A **regular expression** is a pattern used to search for specific text patterns in a string. It allows us to:
- **Search** for patterns
- **Replace** text
- **Validate** form inputs
- **Extract** information from text


### **Basic Meta Characters in Regular Expressions**
| Meta Character | Description | Example |
|---------------|-------------|---------|
| `.`  | Matches any single character except newline | `c.t` → matches `cat`, `cot`, `cut` |
| `*`  | Matches **zero or more** occurrences of the previous character | `ca*t` → matches `ct`, `cat`, `caaat` |
| `+`  | Matches **one or more** occurrences of the previous character | `ca+t` → matches `cat`, `caaat` but not `ct` |
| `^`  | Matches at the **start** of a string and negation| `^Hello` → matches `"Hello world"`, but not `"world Hello"` |
| `$`  | Matches at the **end** of a string | `world$` → matches `"Hello world"`, but not `"world Hello"` |
| `[]` | Matches **one** of the set of characters within brackets | `[aeiou]` → matches any vowel in a word |
| `[a-z]` | Matches **one** lowercase letter from `a` to `z` | `[a-z]` → matches `a, b, c, ..., z` |
| `[^abc]` | Matches **any character except** `a`, `b`, or `c` | `[^abc]` → matches `d, e, f, ...` |
| `{n,m}` | Matches at **least `n` but not more than `m`** occurrences of the preceding character | `a{2,4}` → matches `aa`, `aaa`, `aaaa` |

---


---


# **Regular Expressions (Regex) Overview**

Regular expressions, often abbreviated as **regex** or **regexp**, are sequences of characters defining search patterns in text. They are used for text processing tasks such as searching, replacing, extracting, and validating text. Regular expressions provide a powerful and efficient way to manipulate strings, making them a valuable tool in various programming languages and applications.

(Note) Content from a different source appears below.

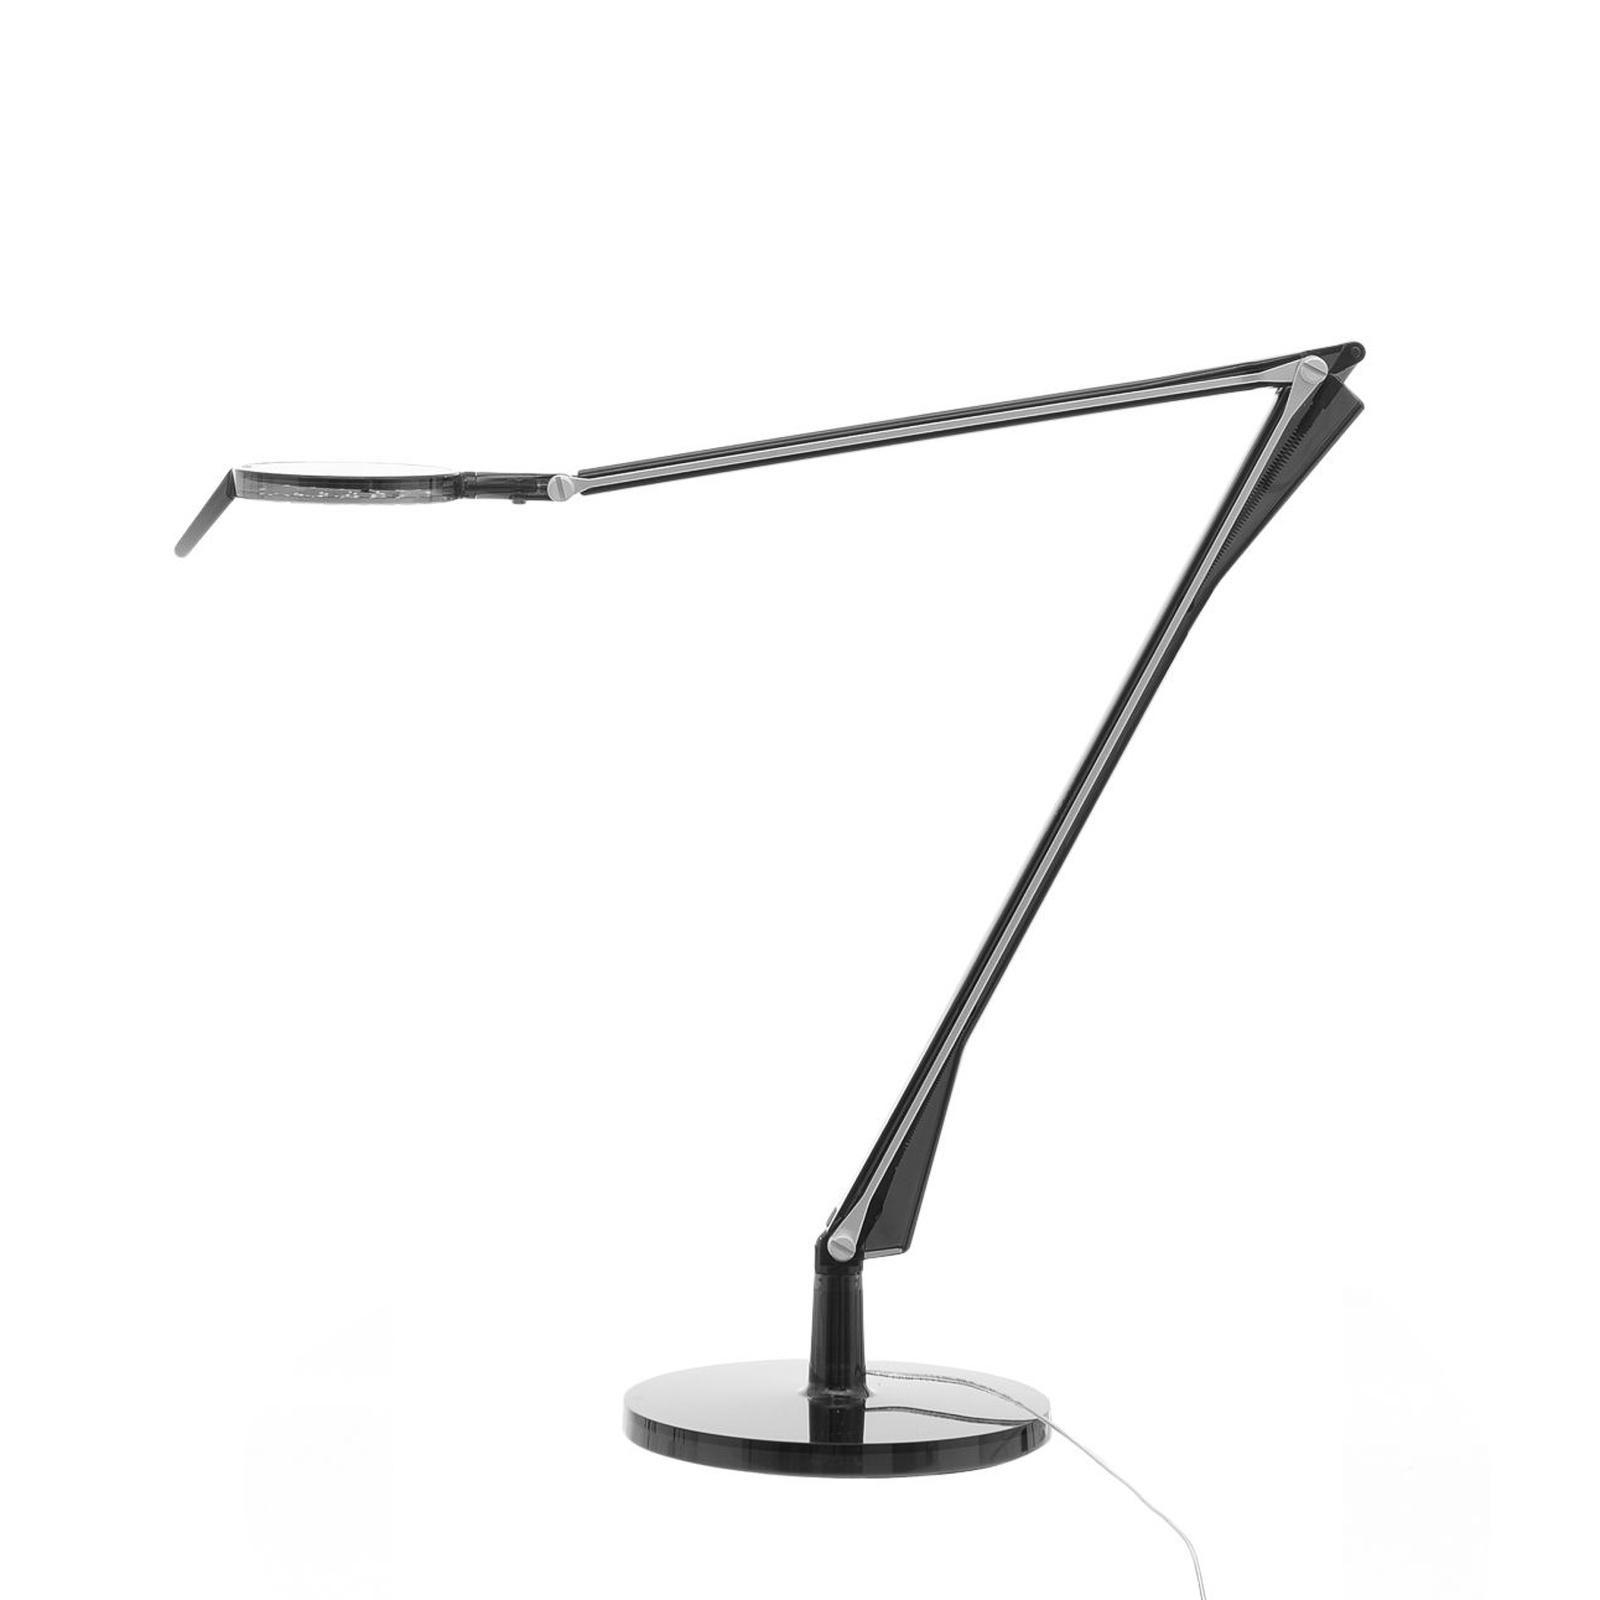 Kartell Aledin Tec LED-Tischleuchte, rauchgrau

## **Applications of Regular Expressions**
Regular expressions are widely used in:
- **Data Validation:** Ensuring proper formats for email addresses, phone numbers, and IDs.
- **Web Scraping:** Extracting specific data from web pages.
- **Log File Analysis:** Searching for patterns in logs for debugging and monitoring.
- **Text Processing:** Automated text replacement, formatting, and parsing in programming.
- **Form Input Validation:** Ensuring correctness of user inputs in web forms.

## Practice:
1. https://www.regexone.com/
2. https://regexr.com/
3. https://regex101.com/


In [1]:
import re

In [2]:
text = 'Around 2500 patients are a taking_part in clinical trails #Coronavirus'

In [3]:
# finad all lower case letter sequence
re.findall('[a-z]+',text)

['round',
 'patients',
 'are',
 'a',
 'taking',
 'part',
 'in',
 'clinical',
 'trails',
 'oronavirus']

In [4]:
# lower and upper case(all case) squence
re.findall('[A-Za-z]+',text)

['Around',
 'patients',
 'are',
 'a',
 'taking',
 'part',
 'in',
 'clinical',
 'trails',
 'Coronavirus']

In [7]:
# non-alph characters
re.findall('[^a-zA-Z]+',text)

[' 2500 ', ' ', ' ', ' ', '_', ' ', ' ', ' ', ' #']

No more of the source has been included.